─── Information provided

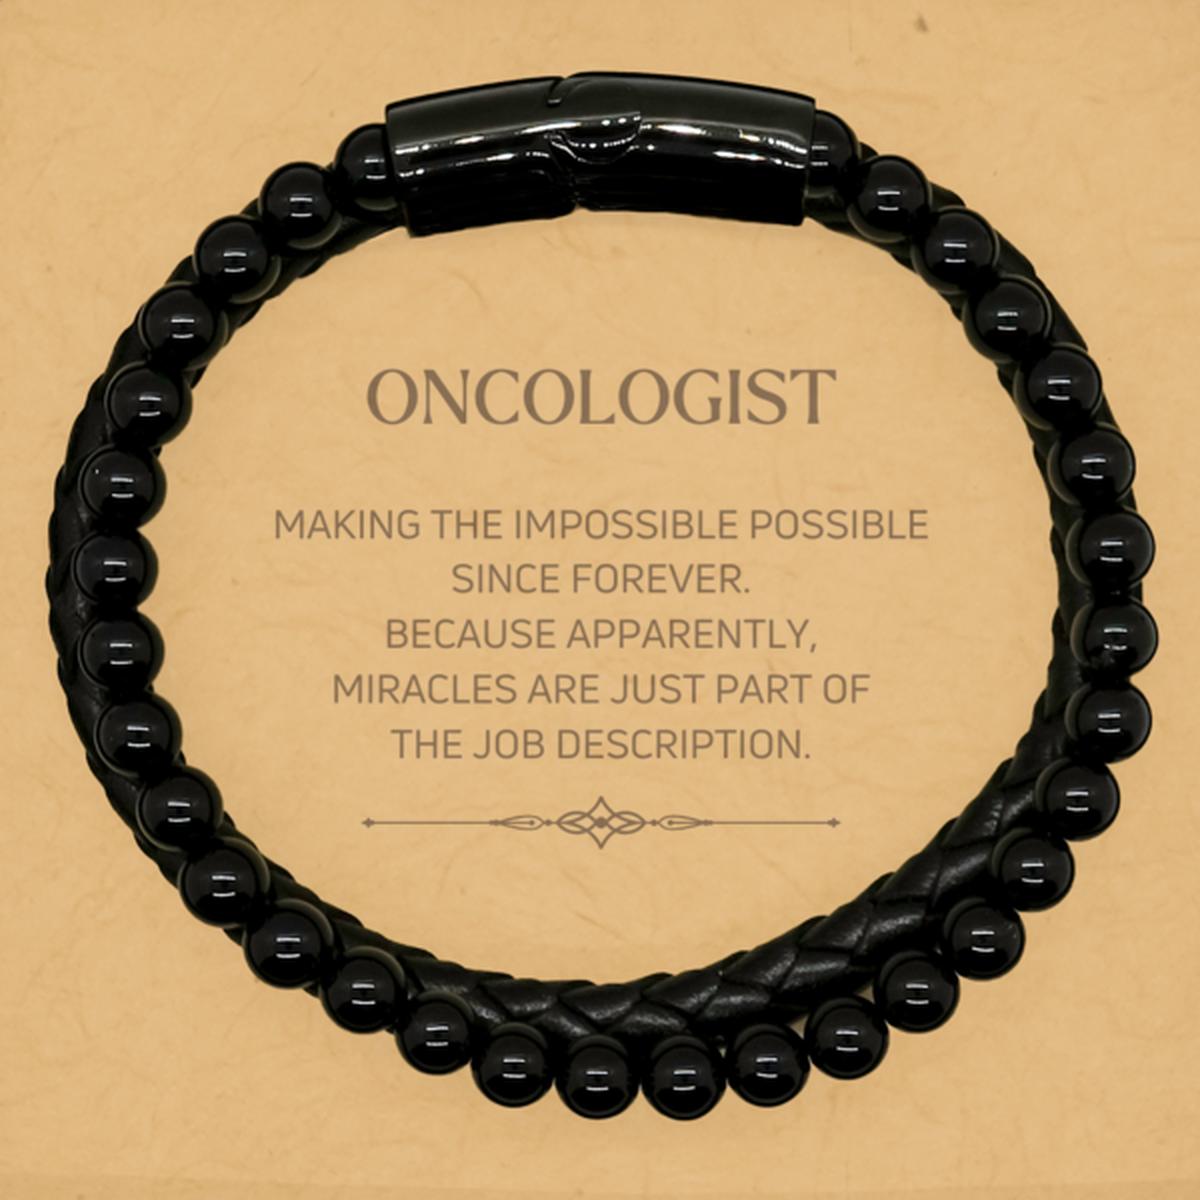 Funny Oncologist Gifts, Miracles are just part of the job description, Inspirational Birthday Stone Leather Bracelets For Oncologist, Men, Women, Coworkers, Friends, Boss
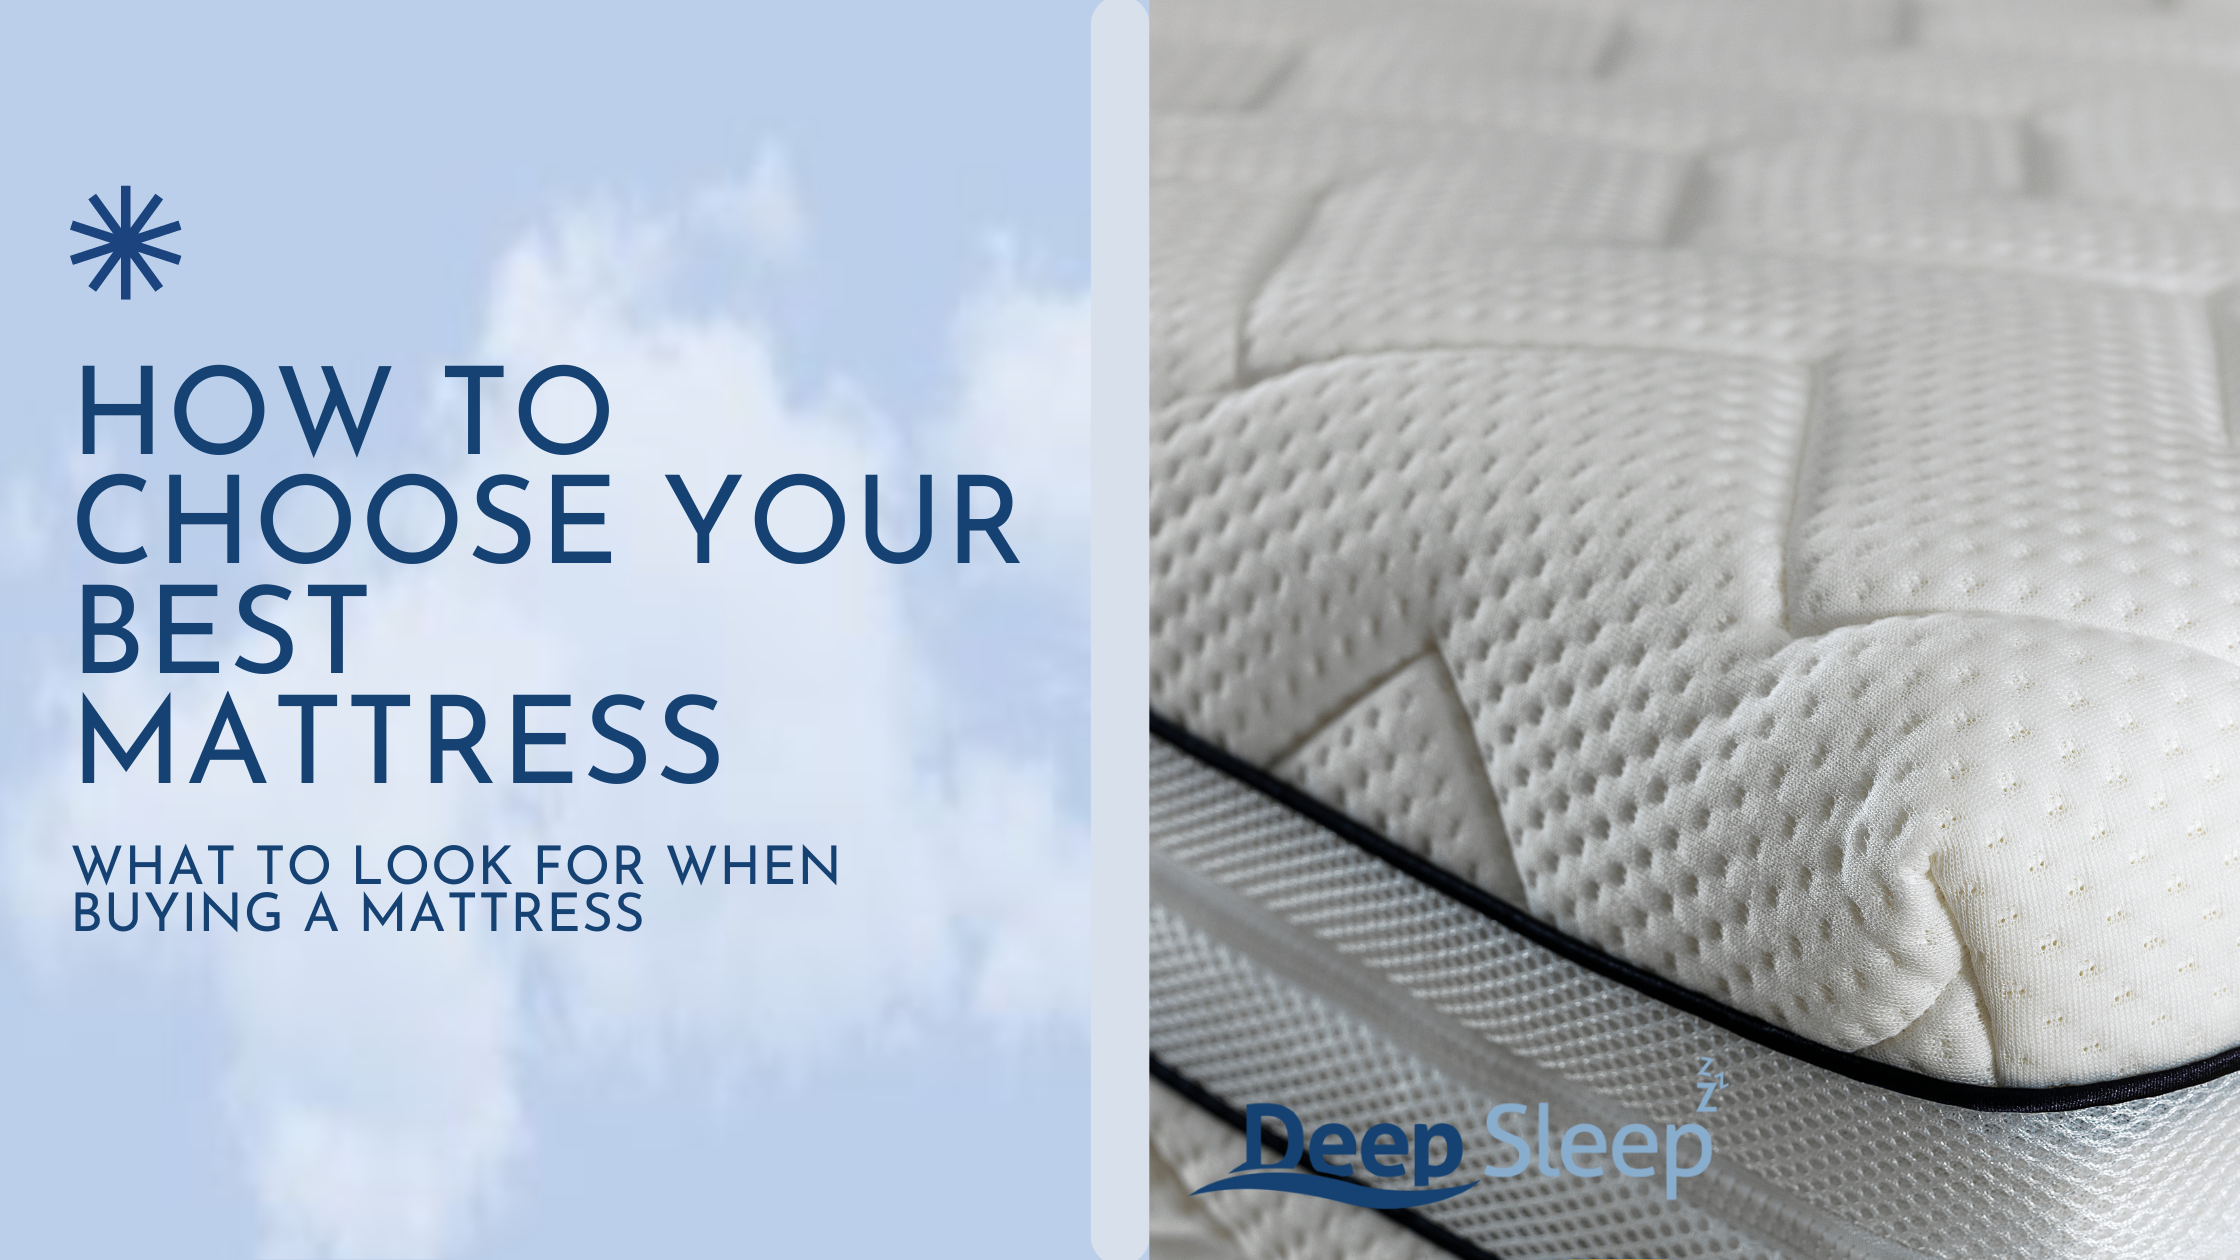 How to choose your best mattress
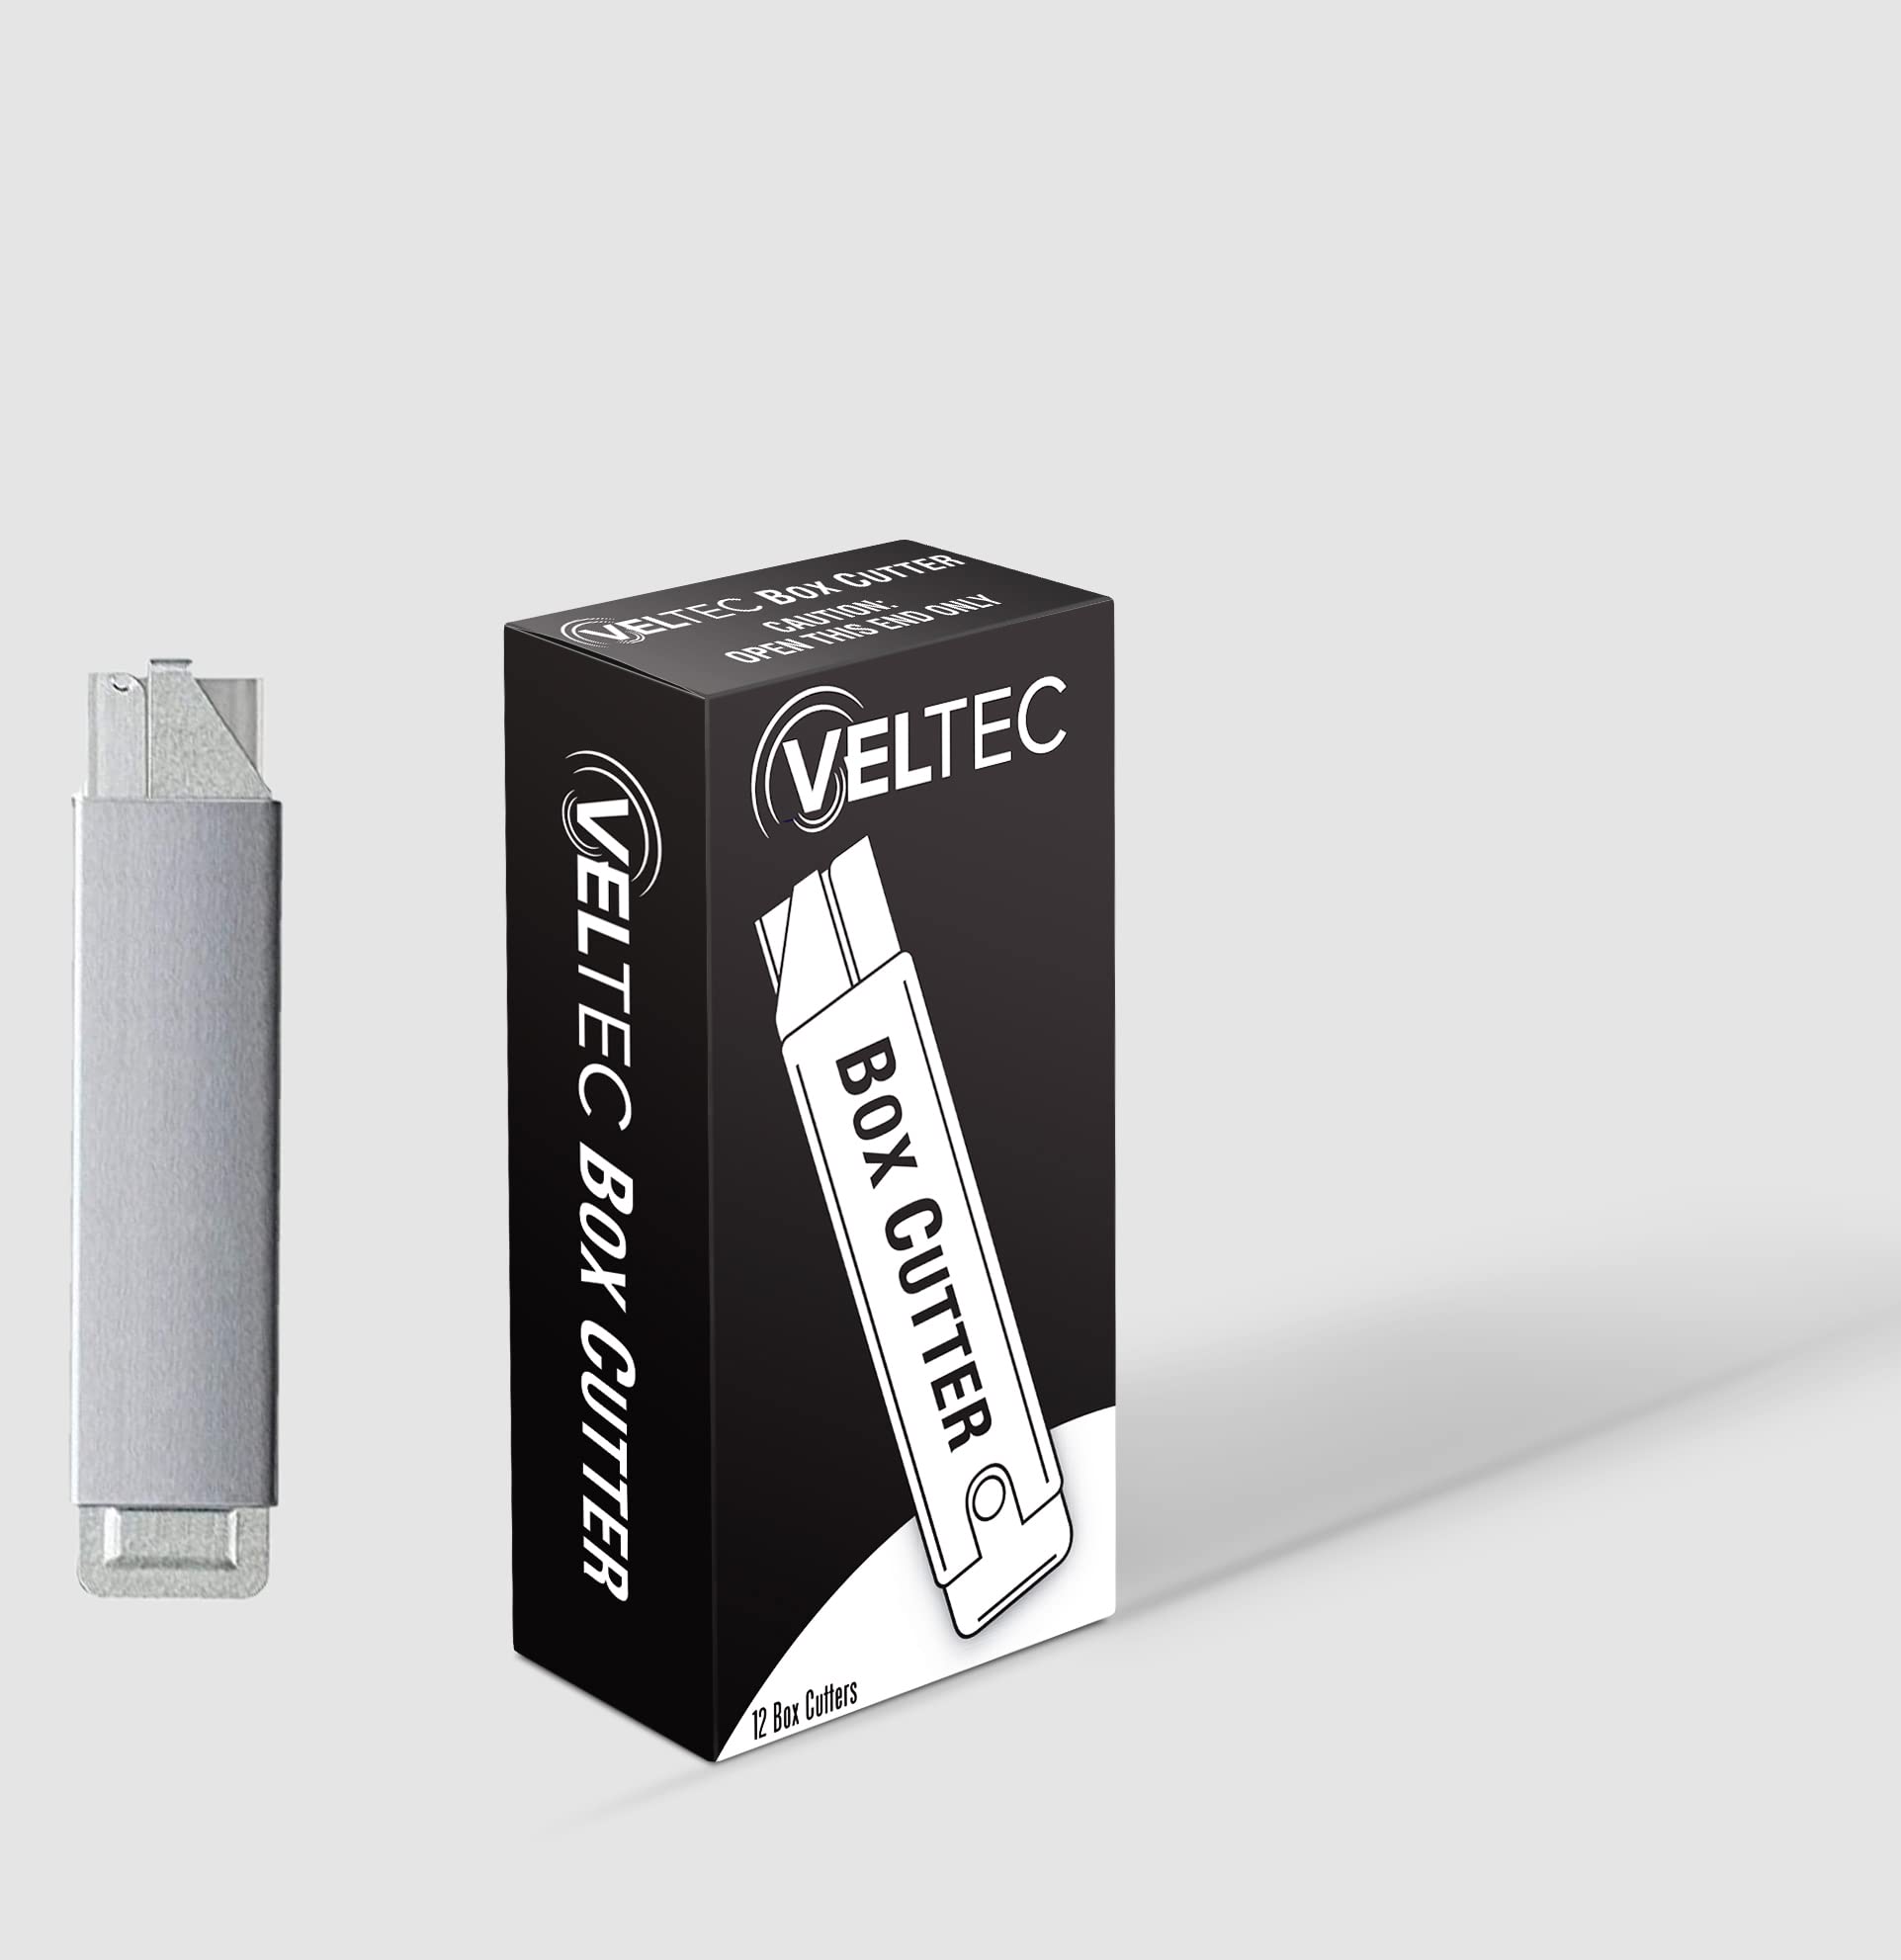 Veltec Standard Box Cutter Retractable Blade Original Utility Knife, for Boxes, Papers, Cardboards, Packages, Tape, Metal Body (Pack of 12)

──────

## Exercise details
From the line containing "How to choose your best mattress" down to the last line of the data, print every line exactly and nothing else. Pictures stay out of the copy.

## Solved exercise
 How to choose your best mattress
 Veltec Standard Box Cutter Retractable Blade Original Utility Knife, for Boxes, Papers, Cardboards, Packages, Tape, Metal Body (Pack of 12)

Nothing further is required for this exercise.